When we last talked in part 2, we were discussing what TTL is not (it is not how long the name server takes to update) and what it is (it is how long a computer takes to update it's own, local, cache).

We ended with an object lesson where www.TheEmailAuthority.com has a 1 hour TTL on it's A record, and I change the A record and shut down the server at my old IP promptly at 3 PM.

User1 was just reading my site at 2:30, so when they go to load another page anytime after 3 and before their own, local, cached record expires at 3:30 they won't be able to load the page.

However, User2 was lucky enough to request my A record at 3:10, so they've got twenty full minutes of Email Authority goodness while User1 is still just reading an error screen.

We've now seen how two users each with their own cache and their own TTL respond to DNS changes.  This simple example only used one record type, and only one "hop" between the client and the server.  Let's take this to the next level and try a more complex, email related, change.

Domain1.com is changing their email server, and their online ordering system sends them emails every time someone places an order.  Because of this, they cannot afford to have any down time.  We'll presume that they're open 24/7/365 so late-night and weekend migrations are out of the question.  Take these three examples into consideration, presuming the following zone file:

domain1.com. 86400 IN NS ns1.domain1s-ISP.com. 
domain1.com. 86400 IN NS ns2.domain1s-ISP.com. 

domain1.com. 14400 IN MX mail.domain1.com. 

mail.domain1.com. 3600  IN A  10.11.12.13.

Example 1: Change the MX record

Domain1.com's email administrator sets up mail2.domain1.com and places it into the MX records.  He sends a test email from his gmail account, and it routes correctly.  However, the online ordering emails are not coming through to mail2.domain1.com.

This is because the online ordering server still has his old MX records cached, and is sending the order emails to the old server until it updates it's cache sometime in the next 4 hours.  It could be less than that depending on when the online ordering server last cached the records, but there is still an outage and the admin loses his job.

Moral of this story: MX record changes aren't good enough.
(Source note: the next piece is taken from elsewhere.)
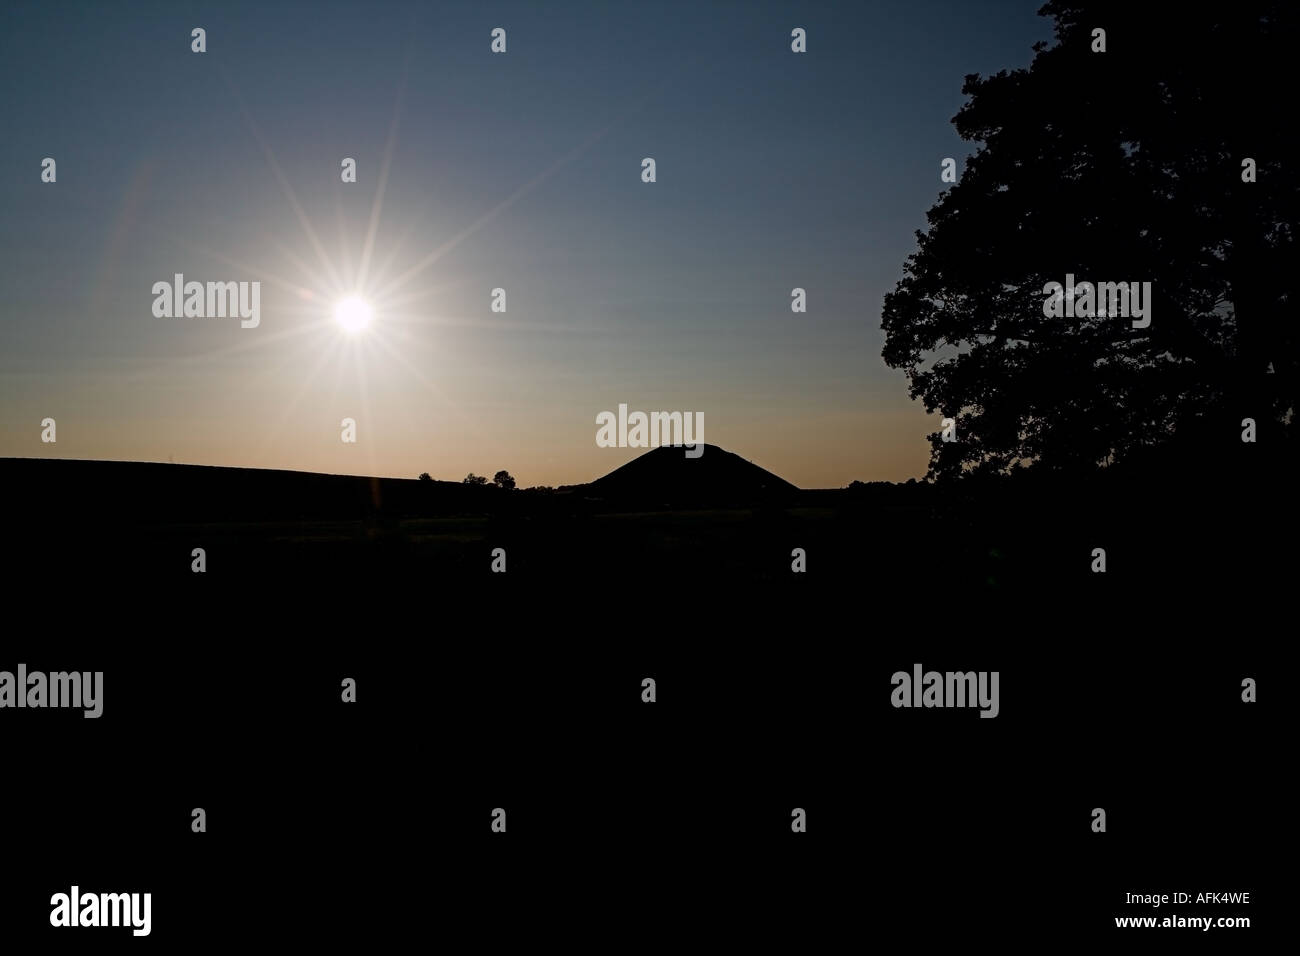 Silhouetted Silbury Hill Prehistoric Earth Mound against sunburst. Wiltshire, England, UK. Stock Photo
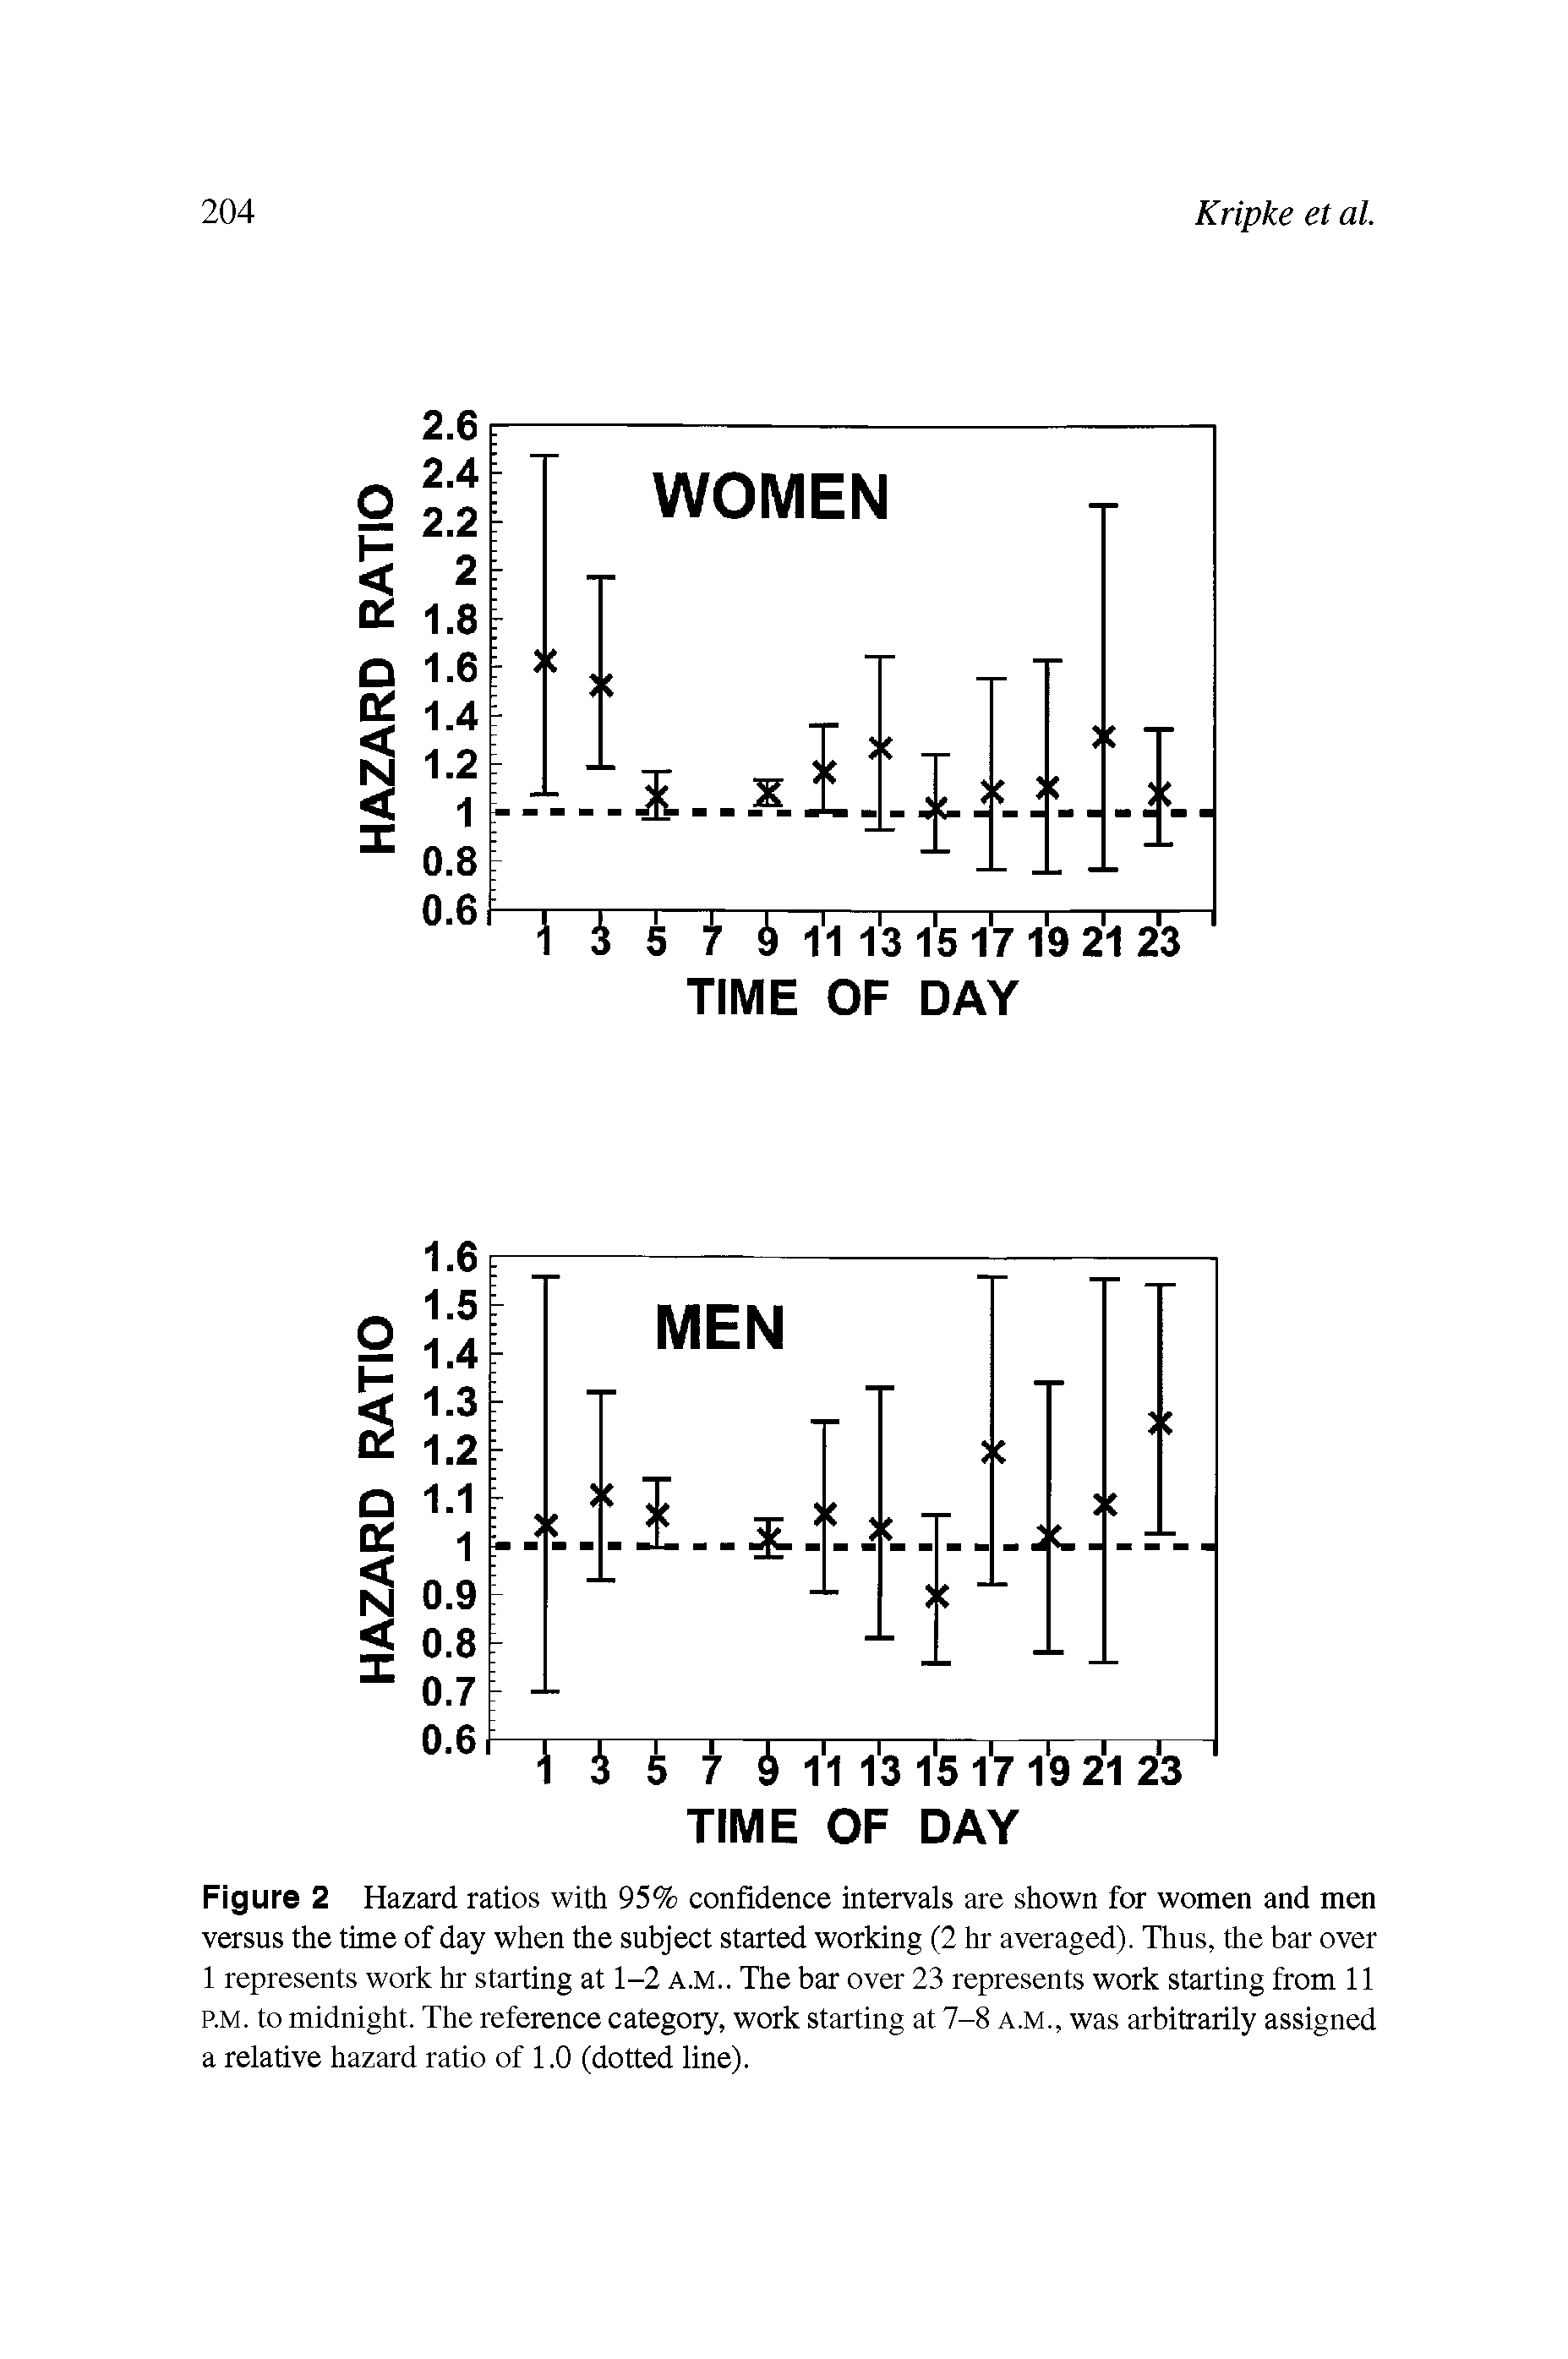 Figure 2 Hazard ratios with 95% confidence intervals are shown for women and men versus the time of day when the subject started working (2 hr averaged). Thus, the bar over 1 represents work hr starting at 1-2 A.M.. The bar over 23 represents work starting from 11 p.M. to midnight. The reference category, work starting at 7-8 A.M., was arbitrarily assigned a relative hazard ratio of 1.0 (dotted line).

Example 2: Set the TTL to a low value and change the IP of the A record

The next admin understands TTL, and logs in to his DNS interface to change the TTL in the morning before the migration that evening.  He sets the A record's TTL to 1 minute in the morning, and then changes the A record's IP address to point to the new server

This way the cached MX records include the same A record, and the short TTL means that the connecting mail servers *should* update the IP every minute.

Unfortunately, the owner's wife uses an AOL address, and they cache records for their own pre-set value (24+ hours), so since the owner's wife's email wasn't coming through the new admin got fired too.  He at least got a severance package...


Example 3: Set the original server to relay mail to the new server

The final admin understands that things don't always go according to plan, and leaves the old server online for several days after the migration.  He sets the old server to act as a mail relay though, so it's not delivering locally to any of the users (and thereby interrupting mail flow).  He waits until no legitimate email is seen in his logs for a day or so and then takes the server offline.

This admin also could have used a mail relay service such as a hosted anti-spam service to act as the relay for extra points :-)


Well, that was a much longer look into TTL than anyone would ever want to know.  Hopefully you enjoyed it, and can now impress your friends (or put them to sleep) with your new-found TTL skills.



-TEA